ISSUE:Whether or not those orders constitute registration under the law even though the corresponding certificate of title has not been issued.

HELD: Yes. In cases of public lands, the property is not considered registered until the final act or the entry in the registration book of the registry of deeds had been accomplished.

A decree of registration and a certificate of title, under Act 496, are two different things. And it is the decree of registration, to be issued by the Land Registration Commissioner, which shall be the basis of the certificate of title to be issued subsequently by the corresponding register of deeds that quiets the title to and binds the land.

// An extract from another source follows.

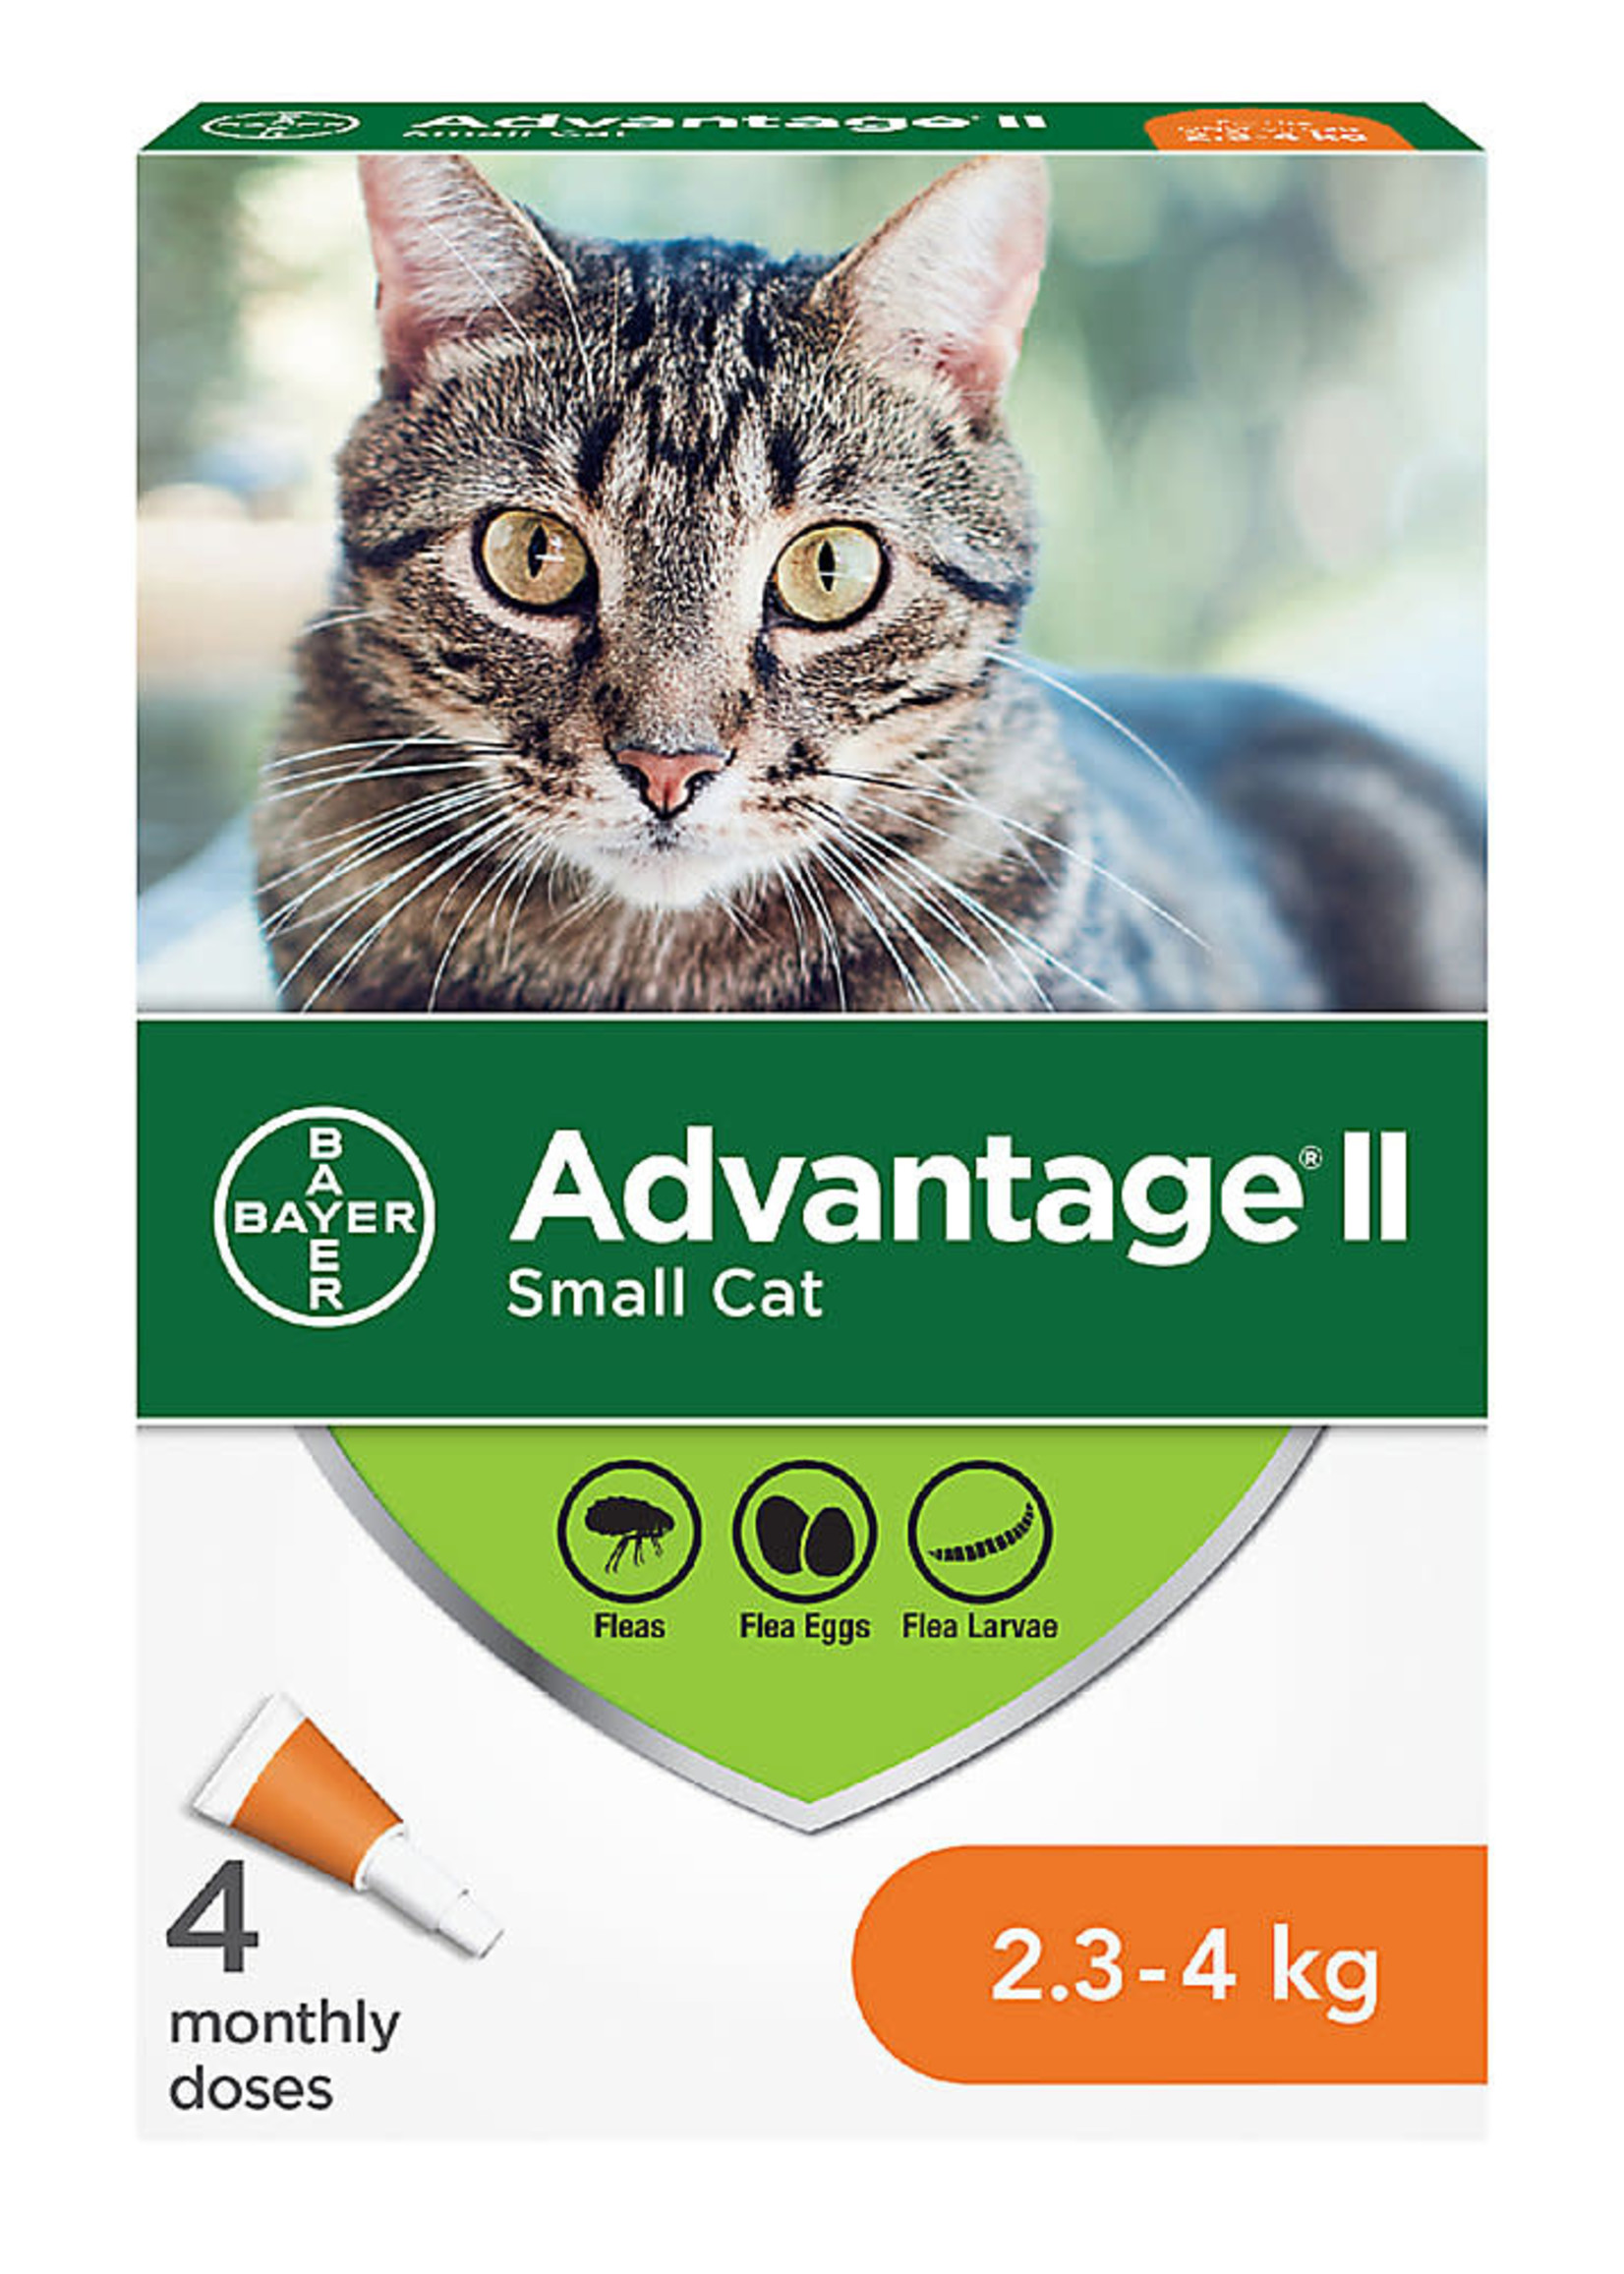 Bayer Advantage® II - Small Cat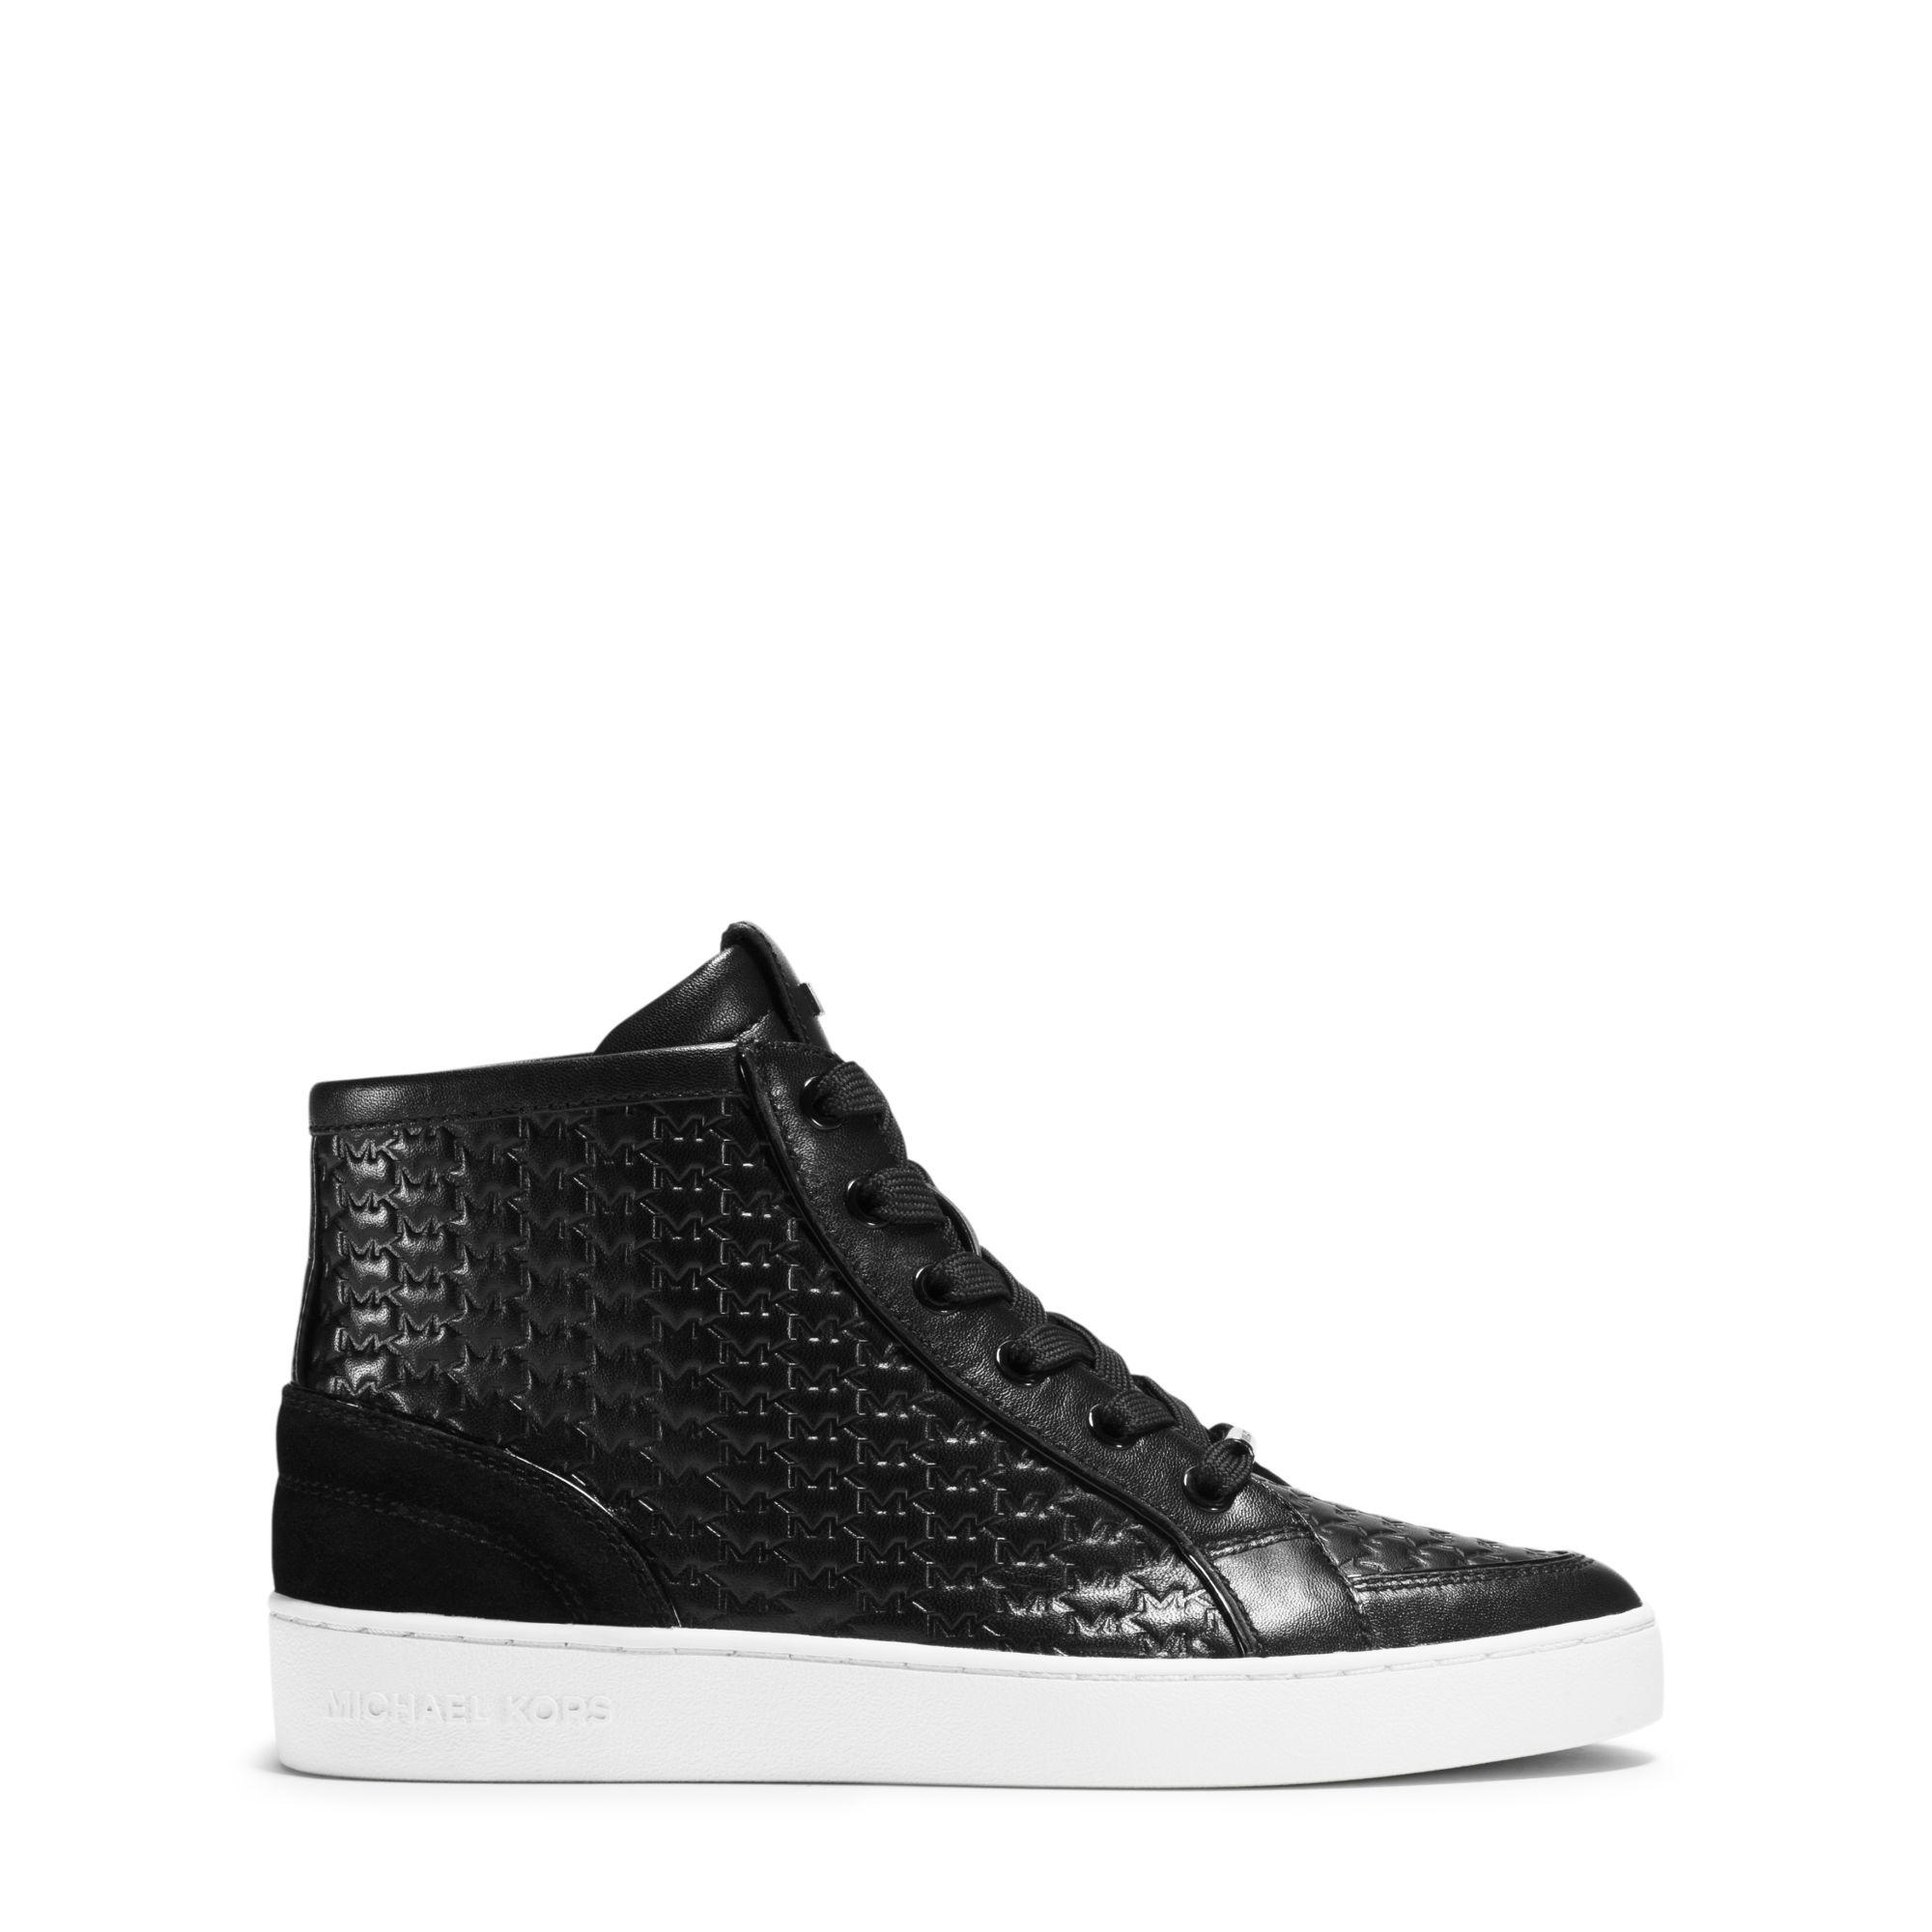 official michael kors outlet omhx  michael kors high top sneakers black

The title of ownership on the land is vested upon the owner upon the expiration of the period to appeal from the decision or adjudication by the cadastral court, without such an appeal having been perfected. The certificate of title would then be necessary for purposes of effecting registration of subsequent disposition of the land where court proceedings would no longer be necessary.

SC has here a decree issued by the cadastral court, ordering the issuance to Inocencio de los Santos of the certificate of title over Lot No. 395 after the decision adjudicating ownership to him of the said property had already become final, and there being no imputation of irregularity in the said cadastral proceedings, title of ownership on the said adjudicatee was vested as of the date of the issuance of such judicial decree. The land, for all intents and purposes, had become, from that time, registered property which could not be acquired by adverse possession.